Citing longer life spans, lifting “the retirement age one year over 40 years is hardly radical” he said after voting in favor of the plan that would close Social Security’s long-term financial shortfall.
Durbin, like so many others, may be overestimating workers’ capacity to stay employed. While Americans are in fact living longer, they are not getting any healthier. A new study from the Journals of Gerontology helps makes this case, and reinforces the point that any plan proposing to increase the retirement age must also address a job market that is unkind to older, sicker workers with higher health care costs.
The study says the celebrated increase in life span of recent decades has not been accompanied by a similar increase in the age at which peoples’ bodies begin to break down from heart disease, cancer and diabetes. Nor have people reaching retirement years – the middle and late 60s -- aged with middle-aged vigor or undiminished mental capacity, say demographers Eileen M. Crimmins and Hiram Beltrán-Sánchez of the University of California Davis.
“We have always assumed that each generation will be healthier and longer lived than the prior one,” they wrote in a paper that reviewed the ages at which older people get hit with chronic diseases that diminish their capacity to work. “The growing problem of lifelong obesity and increases in hypertension and high cholesterol among cohorts reaching old age are a sign that health may not be improving with each generation.”
The miracles of modern medicine were supposed to contribute not only to longer lives, but to more healthy and productive years. Demographers referred to it as the “compression of morbidity.”
But rather than compressing, morbidity appears to be expanding. For instance, reduced death rates from heart disease accounted for 60 percent of the increase in life expectancy between 1970 and 2000. Medical advances have allowed many more people to survive heart attacks and strokes.

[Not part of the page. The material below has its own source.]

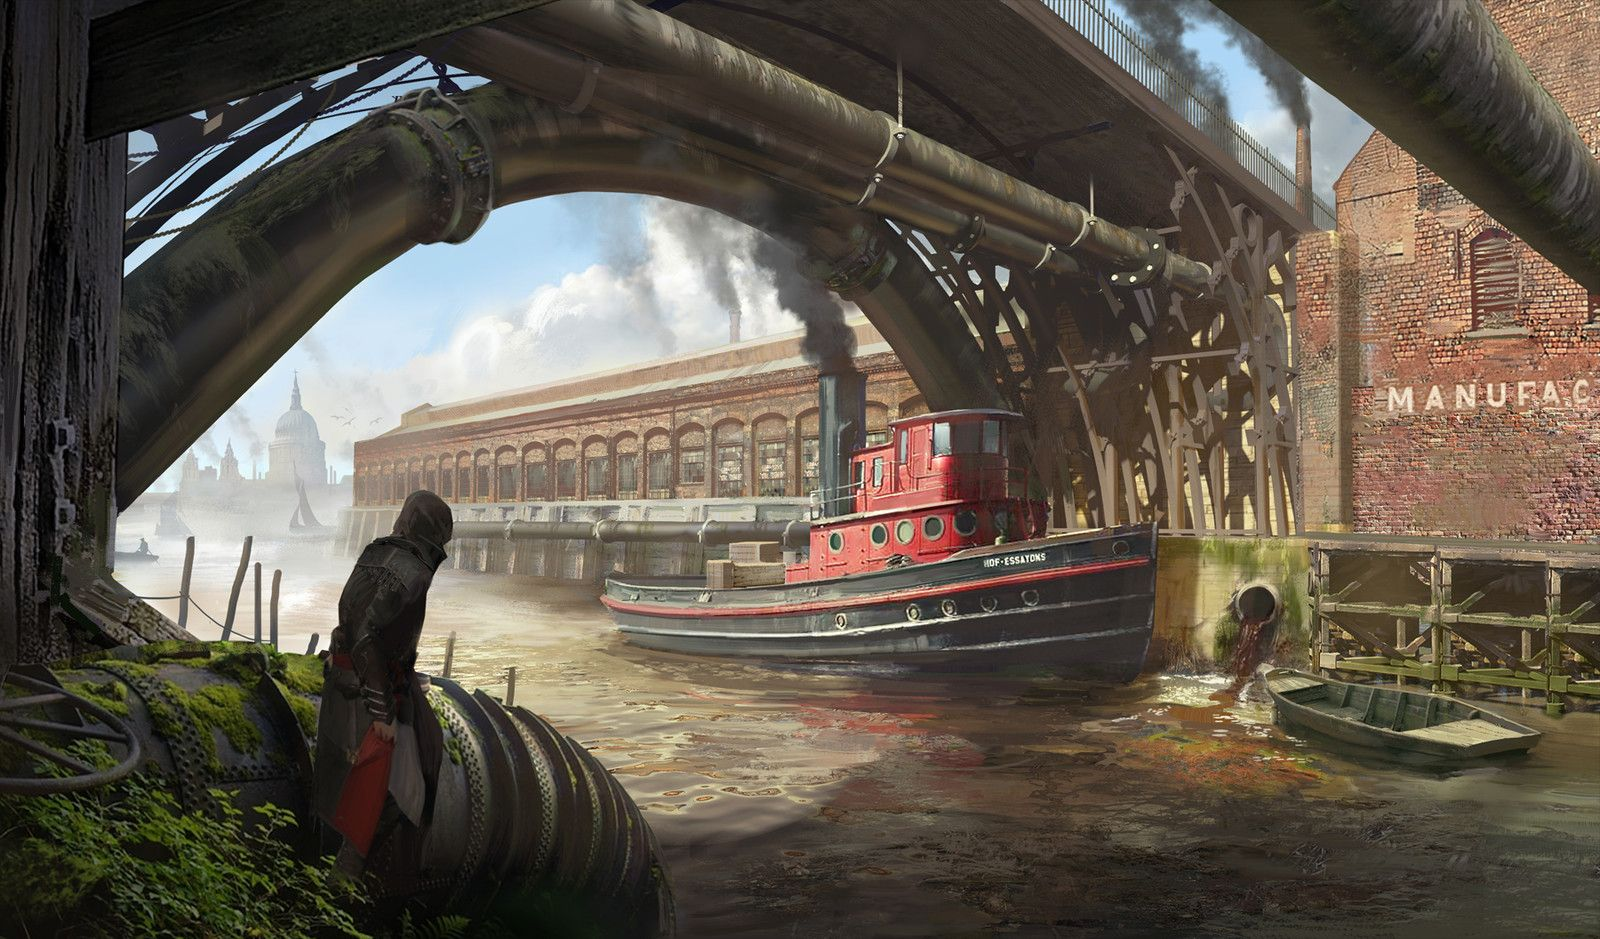 Iron Bridge, Hugo Puzzuoli on ArtStation at https://www.artstation.com/artwork/ay3z8

But “it is not until recently that there has been a decrease in the likelihood of actually having a heart attack by a given age,” the authors noted. That means in the years ahead there will be many more heart attack survivors with higher health care costs to prevent subsequent attacks who will be spending more years in the workforce. Moreover, many of those survivors will be limited in what work they can do.
Diabetes, meanwhile, rose 47 percent between 1987 and 2002, largely due to the widening obesity epidemic. The lifetime risk of the average American contracting diabetes is now 33 percent for men and 36 percent for women. They, too, face higher health care costs and diminished work capacity as they age.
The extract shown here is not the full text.